8

I have following command in a cronjob:

*/5 * * * * php /var/www/domain/yii rss/parse

It outputs email in a wrong charset:

Content-Type: text/plain; charset=ANSI_X3.4-1968

But when i launch that command directly in CLI and output it to a log:

php /var/www/domain/yii rss/parse > log

I get the right encoding - UTF-8

Already tried to set lang in /etc/environment:

LANG=en_US.UTF-8

Restarted the cron, but still it uses ANSI via CRON. Any ideas?

3
  • Set the correct environment variables in the crontab itself, /etc/environment isn't included by cron.
    – HBruijn
    Nov 5, 2014 at 10:00
  • I don't think we're going to be able answer this directly, you'll have to work out what is missing from the cron environment yourself and add it. This answer will help you setup an cron-like environment that you can work in.
    – user9517
    Nov 5, 2014 at 10:03
  • Tried to add that LANG variable in to /etc/crontab - no effect Nov 5, 2014 at 11:37

4 Answers 4

13

Solved my issue by adding in to a crontab:

crontab -e

At the top of file i wrote:

CONTENT_TYPE="text/plain; charset=utf-8"

Now all of my cron job email's are in UTF-8 Charset.

2
2

Referring to this problem I found in Debian Jessie in /etc/default/cron the following:

# Whether to read the system's default environment files (if present)
# If set to "yes", cron will set a proper mail charset from the
# locale information. If set to something other than 'yes', the default
# charset 'C' (canonical name: ANSI_X3.4-1968) will be used.
#
# This has no effect on tasks running under cron; their environment can
# only be changed via PAM or from within the crontab; see crontab(5).
READ_ENV="yes"

In other words the default is that in this distribution it reads the environment files. After rerunning dpkg-reconfigure locales (in my case the default was already set to UTF8) I looked at /etc/environment and discovered that it was empty.

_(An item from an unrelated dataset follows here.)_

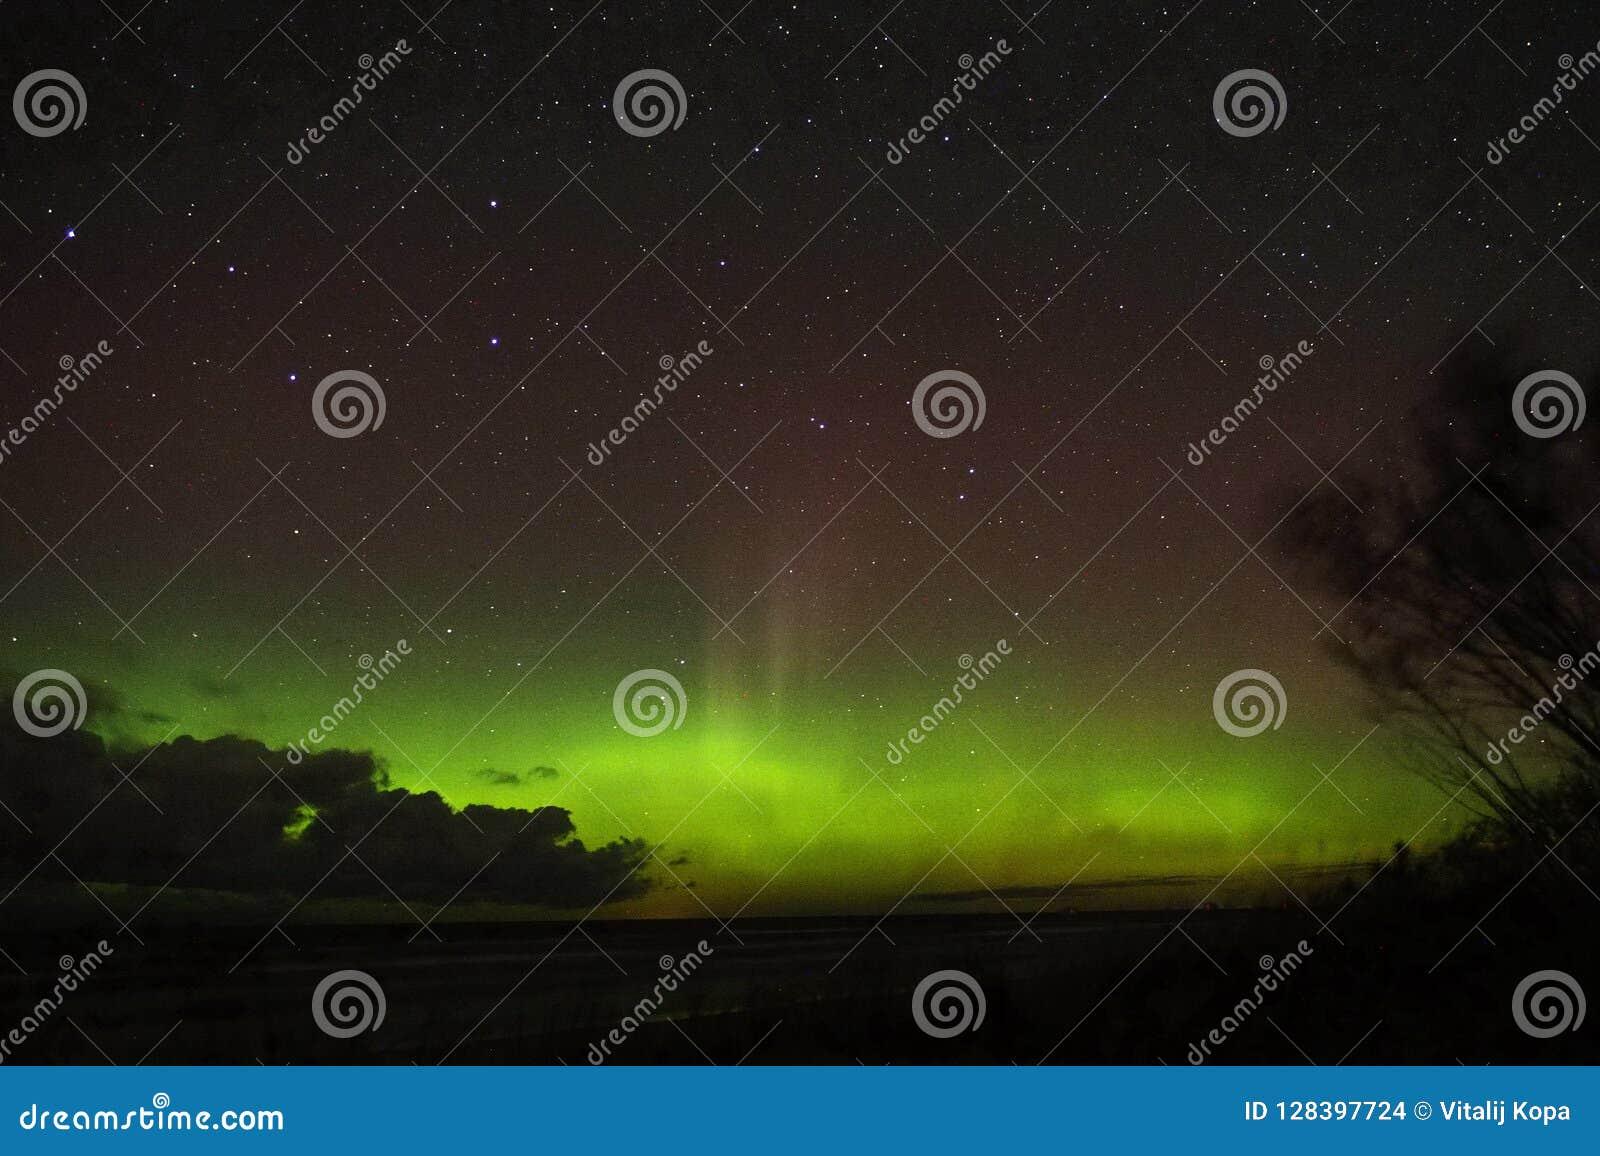 Night sky stars aurora polar lights big dipper constellation observing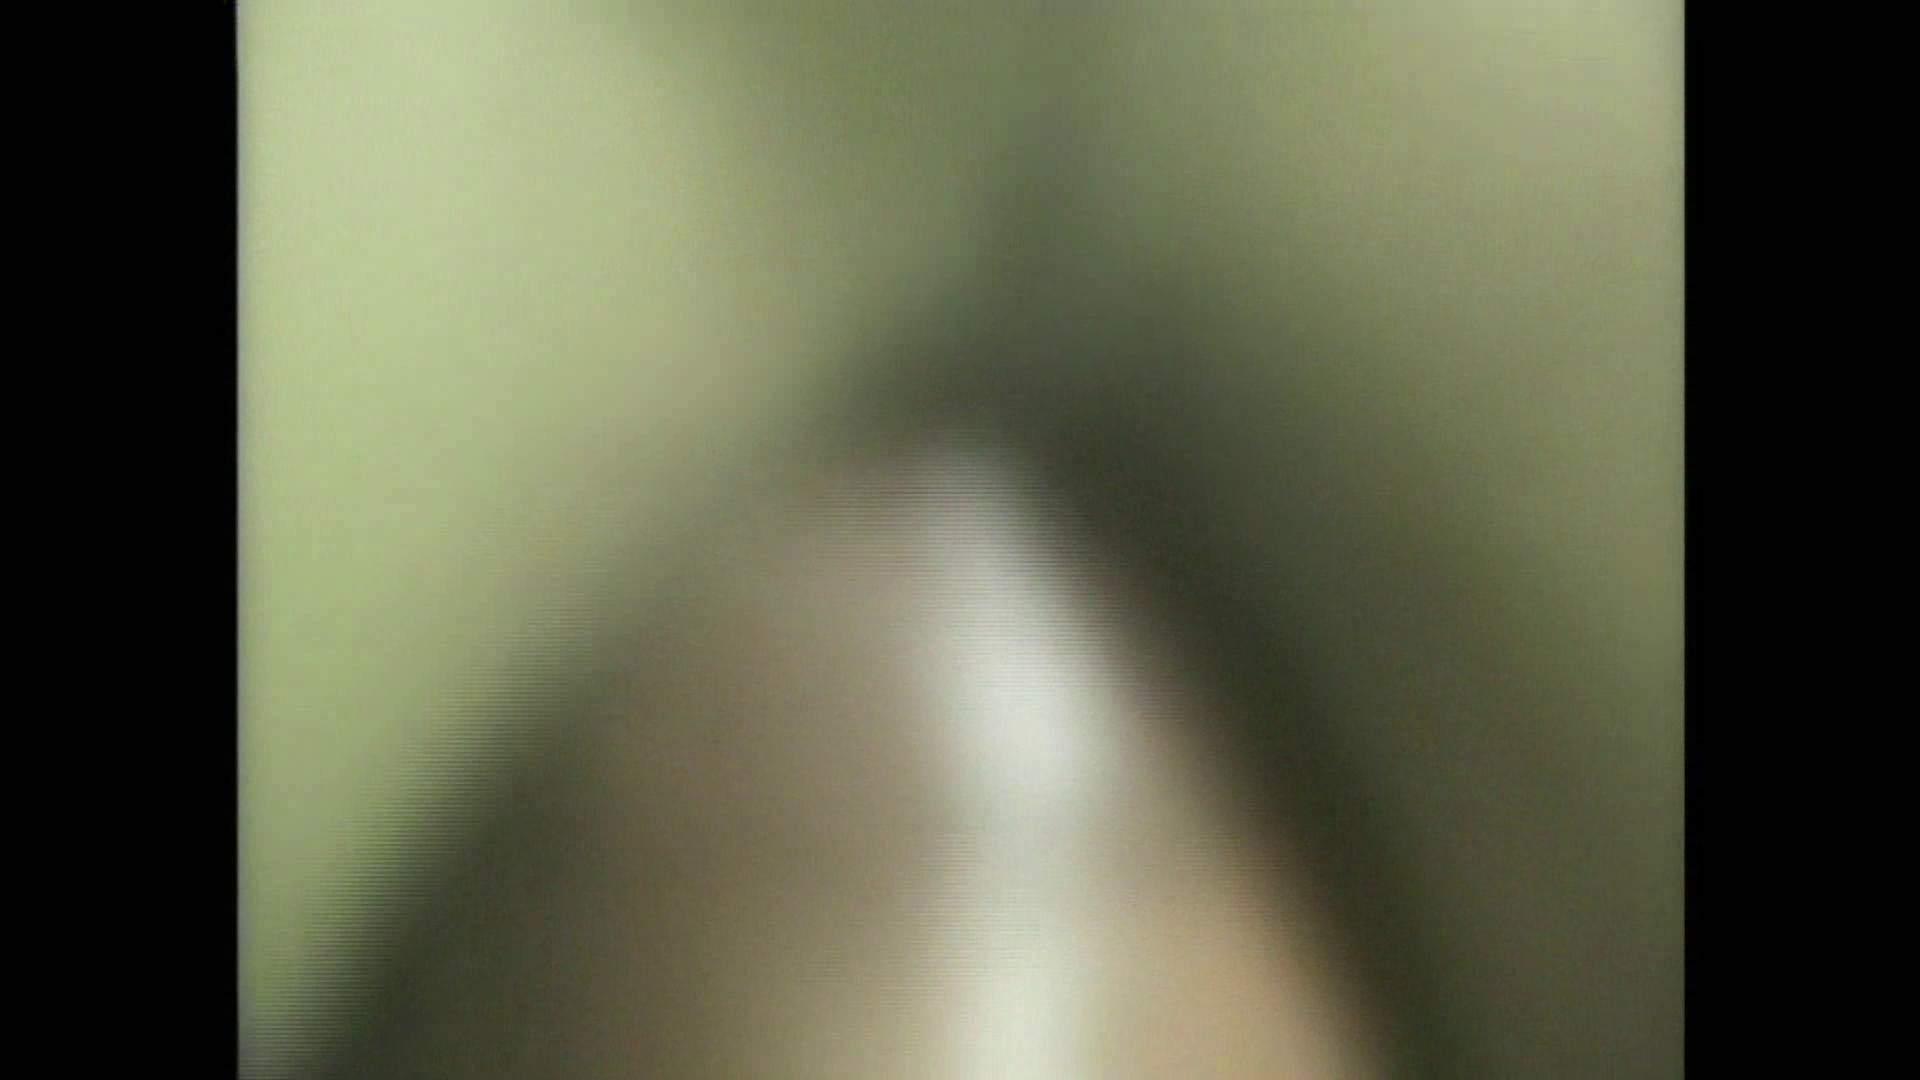 ゲイ 肉棒 動画|MADOKAさんのズリネタコレクションVol.5-4|ゲイマニア

Once I inserted LC_ALL=en_US.UTF-8 there, the cron job emails were with correct character set header.

1

When you give the command by CLI you got the utf-8 chatset, i think, because you using a MAC OS PC or Linux PC

I told this because the current LANG of your PC begin copied in your ssh session

grep -i LANG /etc/ssh/sshd_config 
AcceptEnv LANG LANGUAGE LC_CTYPE LC_NUMERIC LC_TIME LC_COLLATE LC_MONETARY LC_MESSAGES

from man sshd_config

AcceptEnv
             Specifies what environment variables sent by the client will be copied into the session’s environ(7).  See SendEnv in ssh_config(5) for how to
             configure the client.  Note that environment passing is only supported for protocol 2.  Variables are specified by name, which may contain the
             wildcard characters ‘*’ and ‘?’.  Multiple environment variables may be separated by whitespace or spread across multiple AcceptEnv directives.
             Be warned that some environment variables could be used to bypass restricted user environments.  For this reason, care should be taken in the
             use of this directive.  The default is not to accept any environment variables.

Your crond process are using charset=ANSI_X3.4-1968, maybe this is the default system LANG, but if want to change this

 man 5 crontab
0
1

I had to solve this issue globally for all users and not specific one. I've tried to set up /etc/environment and /etc/default/locale then restart cron. This didn't help. Right answer for me was using env command in upstart script(i am running ubuntu server):

env LC_ALL=en_US.UTF-8

cat /etc/init/cron.conf 
# cron - regular background program processing daemon
#
# cron is a standard UNIX program that runs user-specified programs at
# periodic scheduled times

description     "regular background program processing daemon"

start on runlevel [2345]
stop on runlevel [!2345]

expect fork
respawn
env LC_ALL=en_US.UTF-8

exec cron

Then i've restarted cron and got correct mail in utf-8.